┌────────
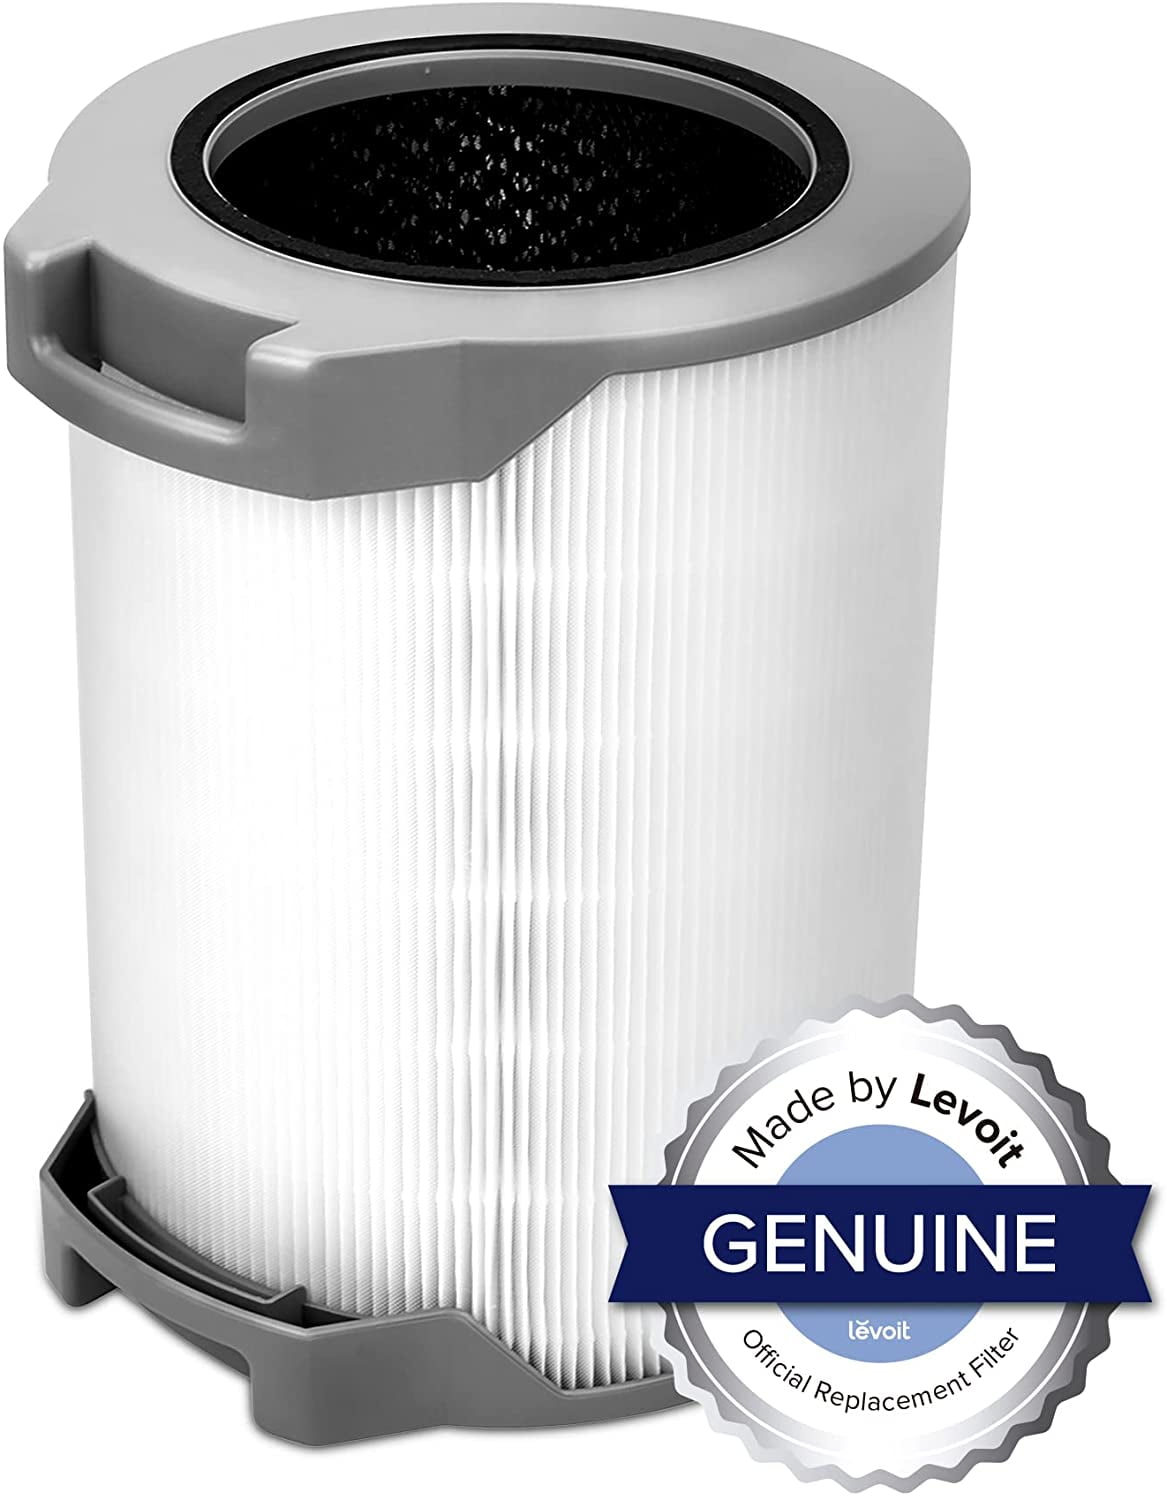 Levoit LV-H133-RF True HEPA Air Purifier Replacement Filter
└────────
┌────────
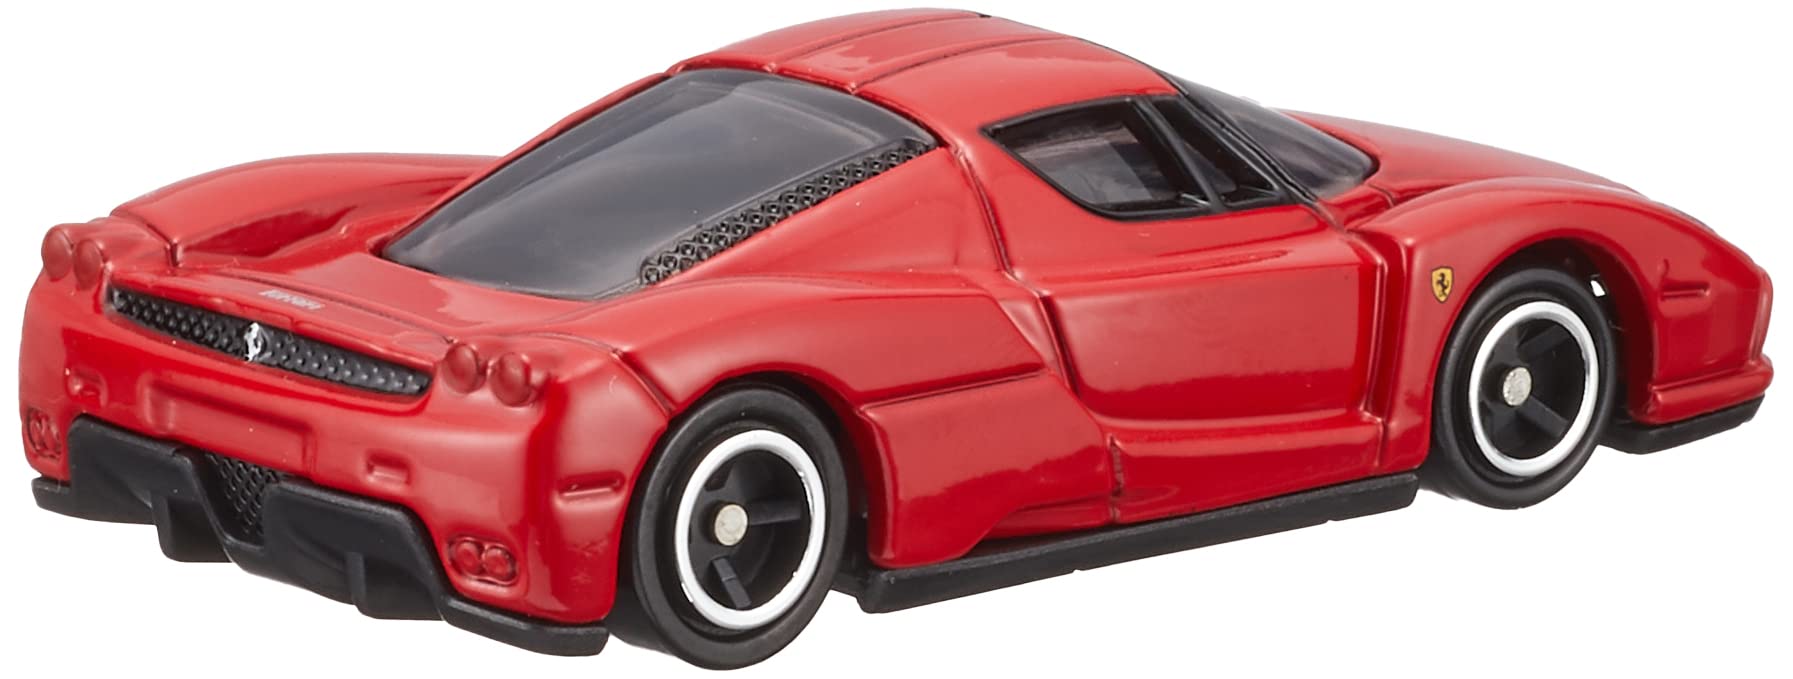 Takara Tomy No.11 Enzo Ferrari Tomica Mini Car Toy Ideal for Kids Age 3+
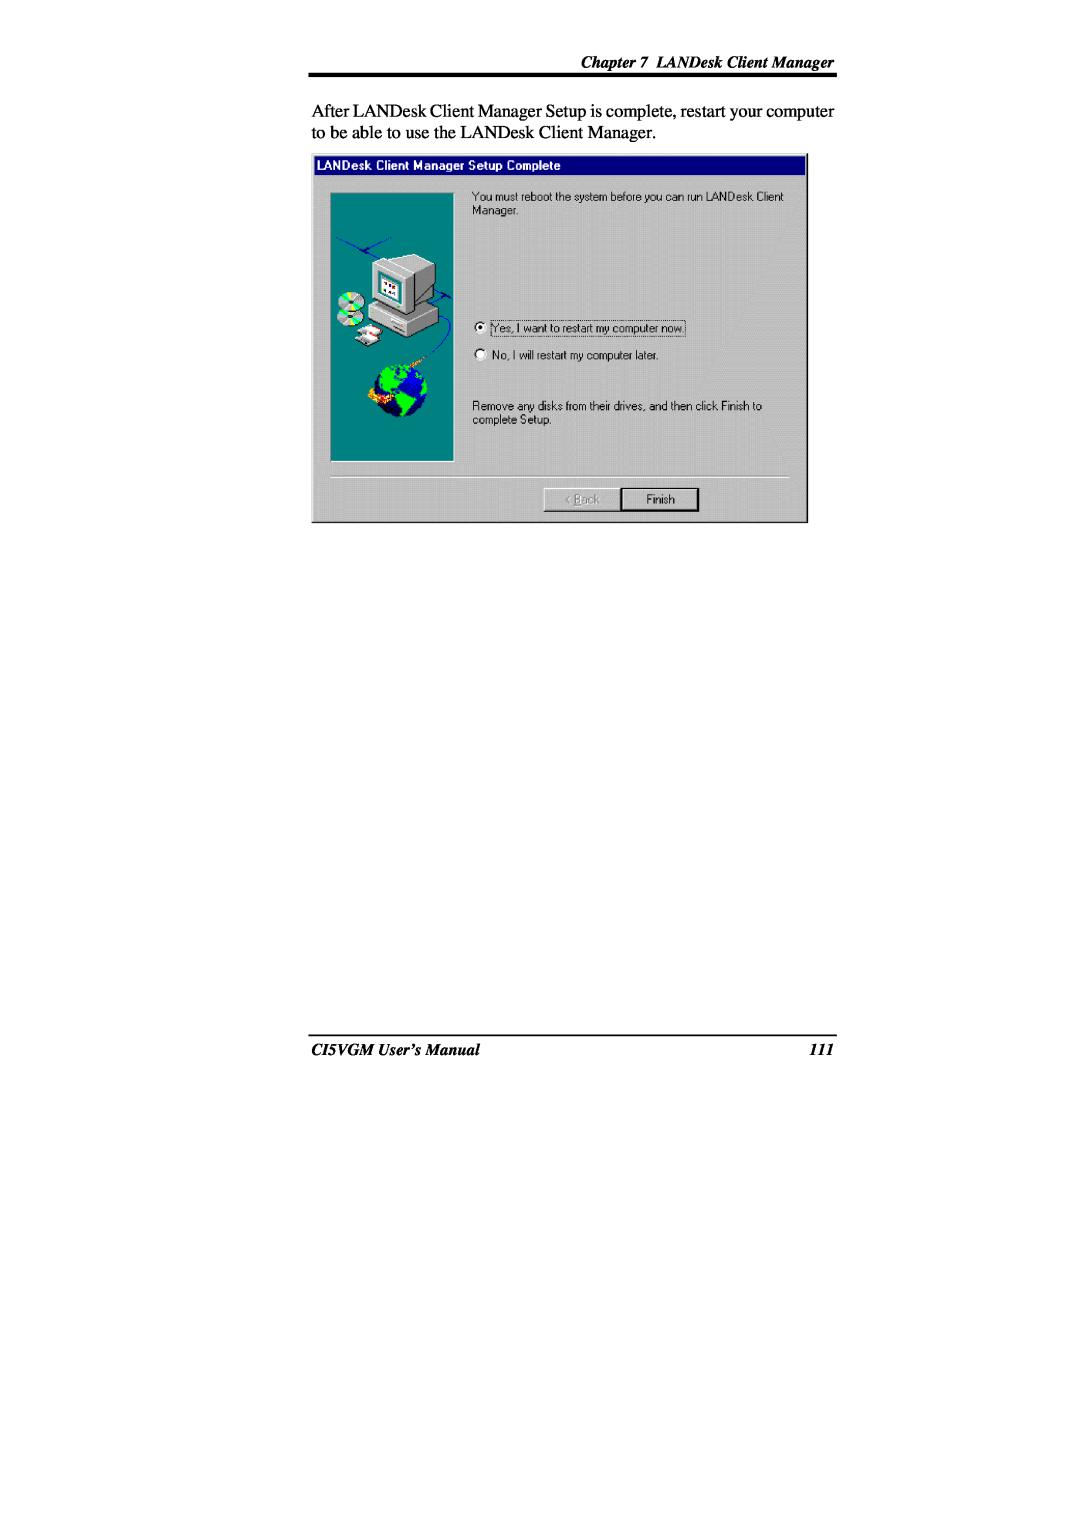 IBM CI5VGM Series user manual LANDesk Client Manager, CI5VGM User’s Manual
└────────
▶ What you should do: Leaving out the pictures, please output the lines in the entries above from the one with "Takara Tomy No.11" through the one with "IBM CI5VGM Series", exactly as they are.

▶ Answer to this task:
 Takara Tomy No.11 Enzo Ferrari Tomica Mini Car Toy Ideal for Kids Age 3+
 IBM CI5VGM Series user manual LANDesk Client Manager, CI5VGM User’s Manual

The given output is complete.